If breastfeeding is something that feels daunting to you or you are currently facing challenges in this area, I recommend reaching out to a lactation consultant. Lactation consultants are trained health professionals who can offer education, answer your questions, and provide training to support you in your breastfeeding journey. 


What Is the 333 Rule for Breast Milk?


The “3-3-3 Rule” refers to how breast milk typically begins to establish and regulate:


  • 3 Days for colostrum to transition into mature milk

  • 3 Weeks for your supply to stabilize

  • 3 Months for full rhythm and demand-supply balance to settle in


During this period, the foods you eat can deeply influence your milk supply, hormonal balance, and postpartum healing.

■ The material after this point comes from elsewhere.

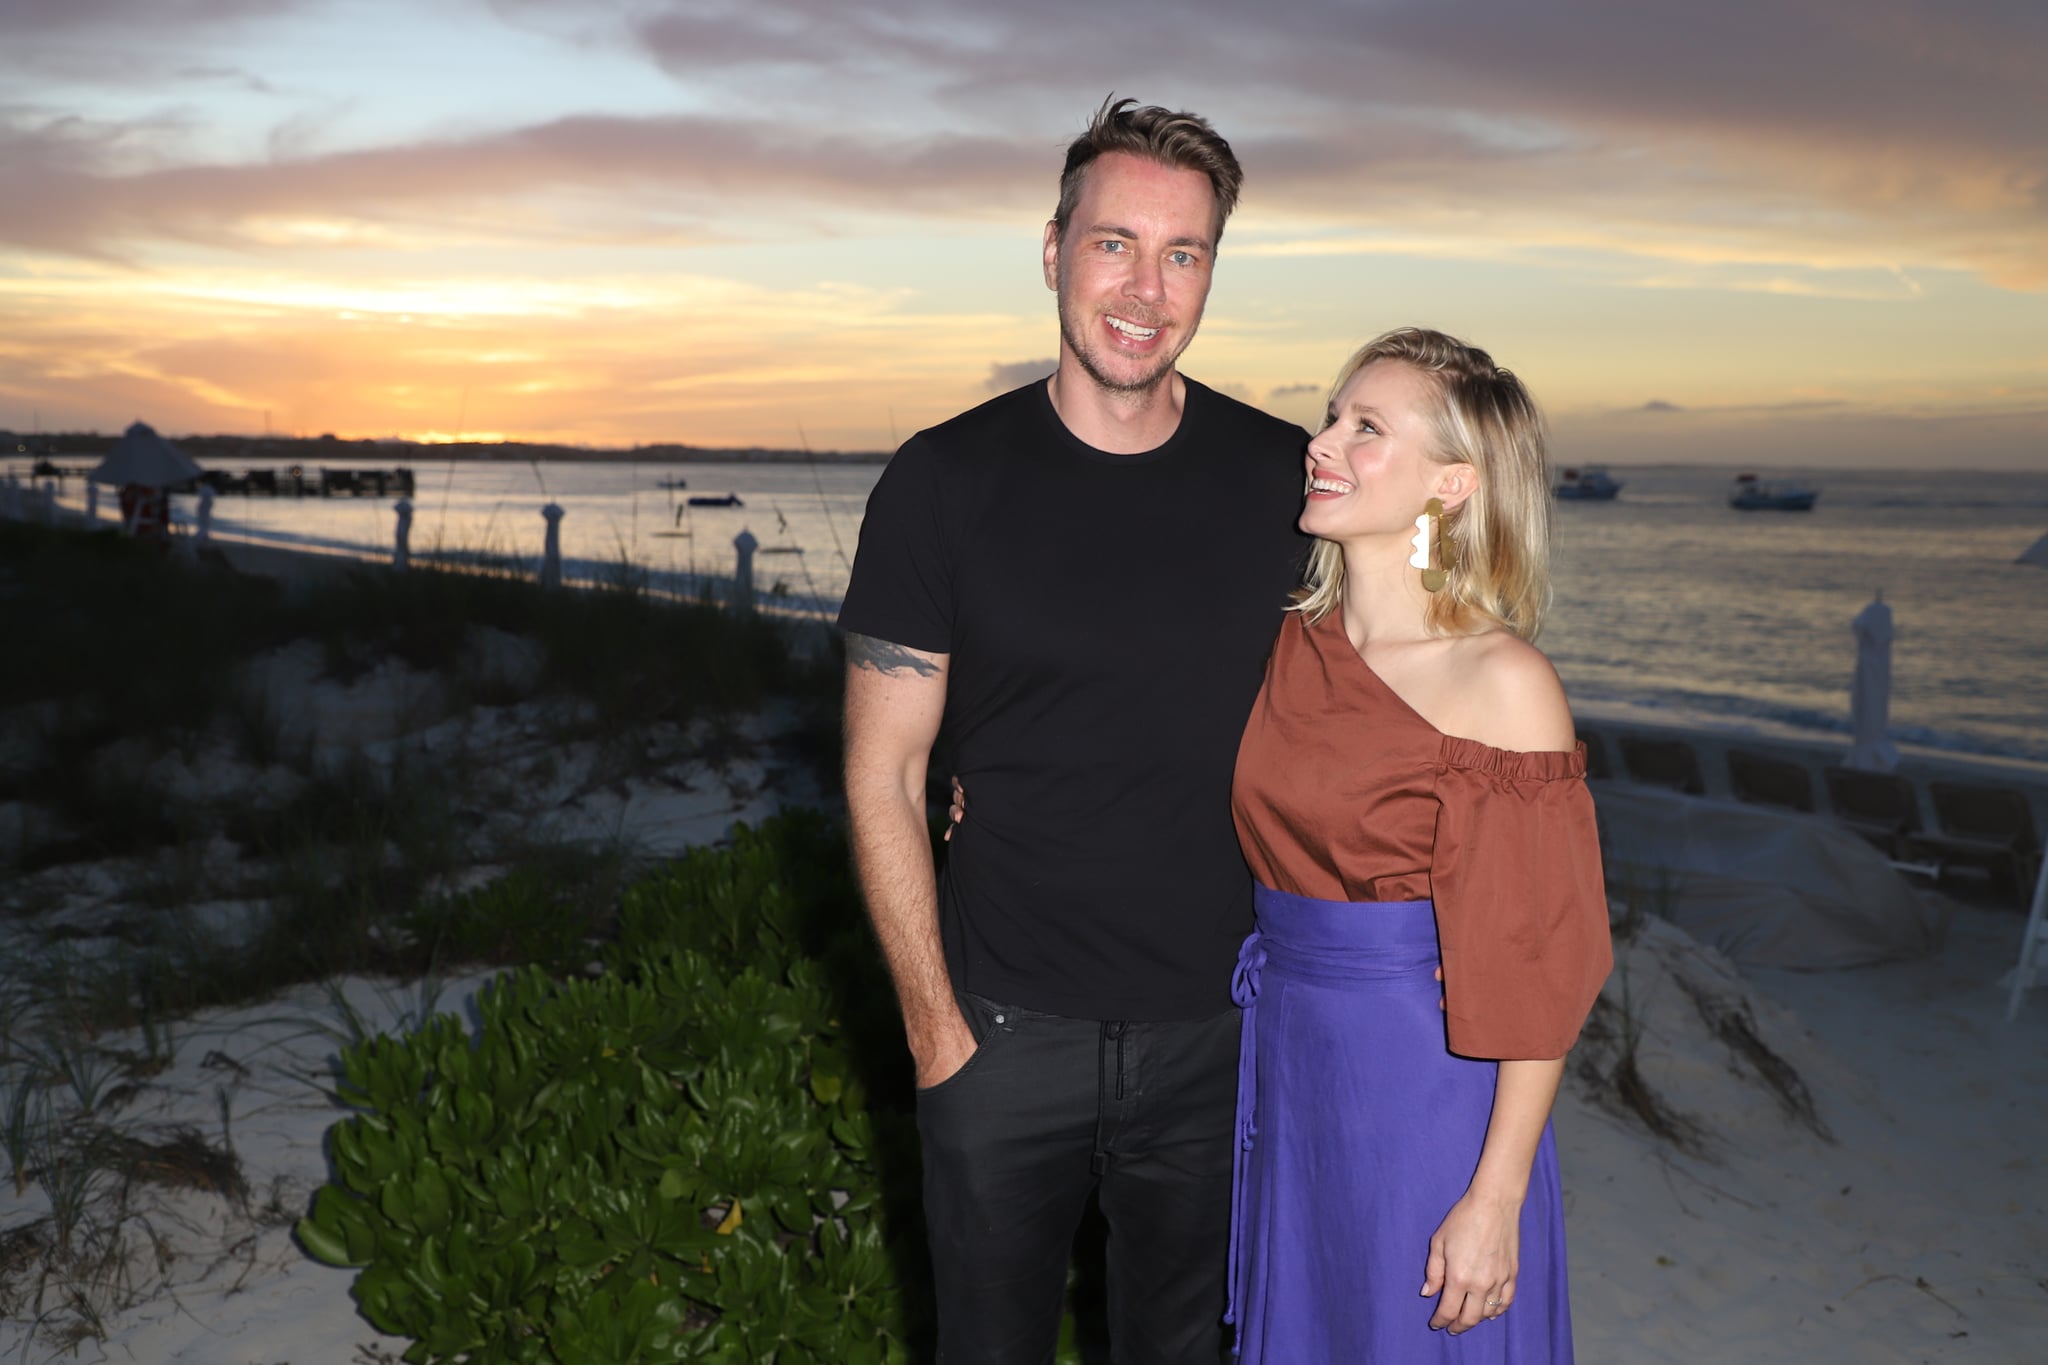 PROVIDENCIALES, PROVIDENCIALES - JANUARY 30:  Dax Shepard and Kristen Bell pose as she holidays with her family at Beaches Turks & Caicos Resort Villages & Spa on January 30, 2018 in Providenciales, Turks & Caicos.  (Photo by John Parra/Getty Images for Beaches)

Best Foods to Eat for Postpartum Milk Production


Let’s ground this in real, whole-food nourishment. From an Ayurvedic perspective, birth leaves the body in a cold, dry, and airy (vata) state. To support balance within the body, I recommend foods that are warm in both temperature and quality.

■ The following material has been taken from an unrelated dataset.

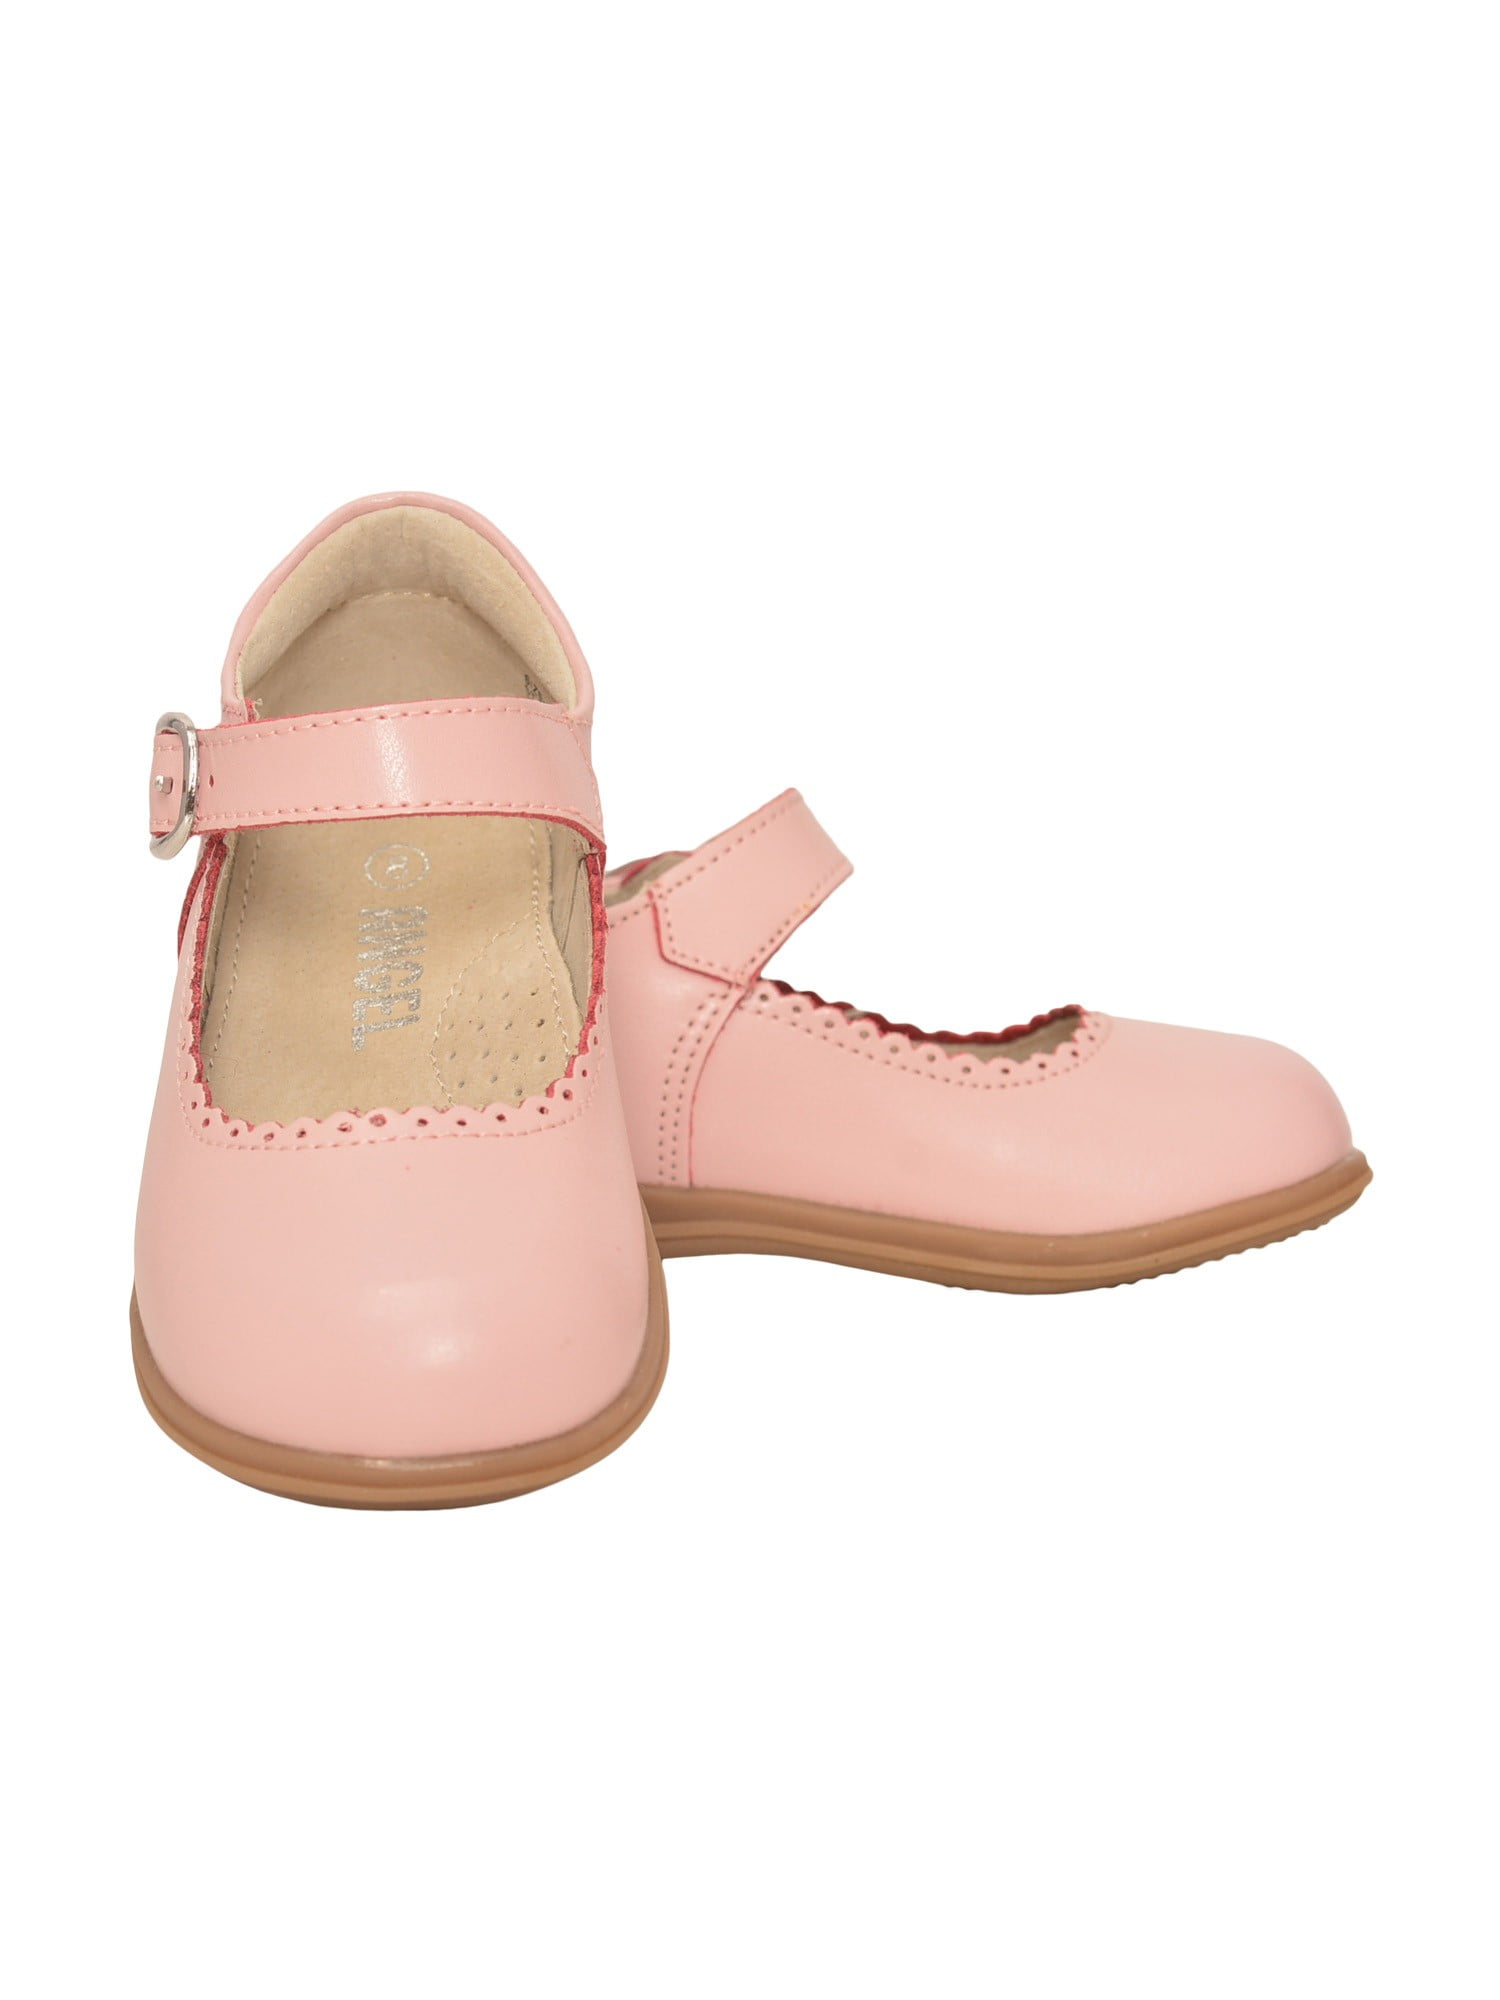 Angel Girls Pink Scalloped Trim Leather

These foods are warming, easy to digest, and rich in the nutrients your body needs to produce milk and support your postpartum recovery.


Oats

High in iron and fiber, oats support milk supply and digestion. Try warm bowls of oatmeal with ghee, cinnamon, and dates for breakfast.


Dark Leafy Greens

Spinach, moringa, and kale are packed with calcium, folate, and vitamin K—all important for lactation and postpartum bleeding recovery.


Garlic

A known galactagogue (milk-boosting food), garlic also strengthens immunity. Add it liberally to soups, stews, and sautéed veggies.


Coconut and Coconut Milk

Nutrient-dense and hydrating, coconut supports hormone balance and adds healthy fats to your meals. Cook rice in coconut milk or sip on warm coconut broth.


Lentils and Mung Dal

Rich in protein and iron, these legumes are easy to digest and traditionally used in Ayurvedic postpartum meals like kitchari.


Sweet Potatoes

Grounding and nourishing, sweet potatoes support blood sugar stability and are high in beta-carotene, which boosts breast milk quality.


Fenugreek & Fennel Tea

Both herbs are known to increase milk supply. Steep them gently and sip throughout the day for lactation and digestion support.


Almonds and Nuts

Full of protein and healthy fats, almonds can help enrich the quality of your breast milk and offer an easy snack between feedings.


Dates and Dried Fruits

Naturally sweet and iron-rich, dates are often used in postpartum energy balls or warm tonics to help rebuild lost energy and blood.


For a comprehensive list of warming foods for the first 42 days after birth, read this blog post and check out our Postpartum Meal Guide.



Foods to Limit During Postpartum


While your diet should be comforting and unrestricted, some foods may interfere with milk production or digestion:


  • Cold, raw foods (they can aggravate Vata and slow digestion)

  • Excess caffeine can affect baby’s sleep and your milk letdown

  • Peppermint and sage in large amounts (may decrease milk supply)


Trust your body’s cues, and if something doesn’t feel supportive, give yourself permission to adapt.


Gentle Tips to Support Milk Supply Naturally


In addition to eating nourishing foods for milk production, remember:


  • Nurse or pump frequently to establish demand

  • Practice skin-to-skin contact to stimulate oxytocin

  • Rest deeply: fatigue can reduce milk output

  • Hydrate consistently with warm water and herbal teas

  • Let go of pressure and trust your body’s unique pace


Your Healing Is Worthy of Nourishment


Milk production is a miraculous, ongoing gift your body offers your baby. But it’s also an act that requires energy, warmth, and deep care. You are not just feeding a baby, you are rebuilding from the inside out.


Let every bite you take be an offering to your hormones, your healing, and the mama you are becoming.


If you’d like more guidance on Ayurvedic postpartum recipes, postpartum doula care, or customized postpartum meal planning, I’d be honored to support you.


You deserve to be nourished. You deserve to feel full in every sense of the word.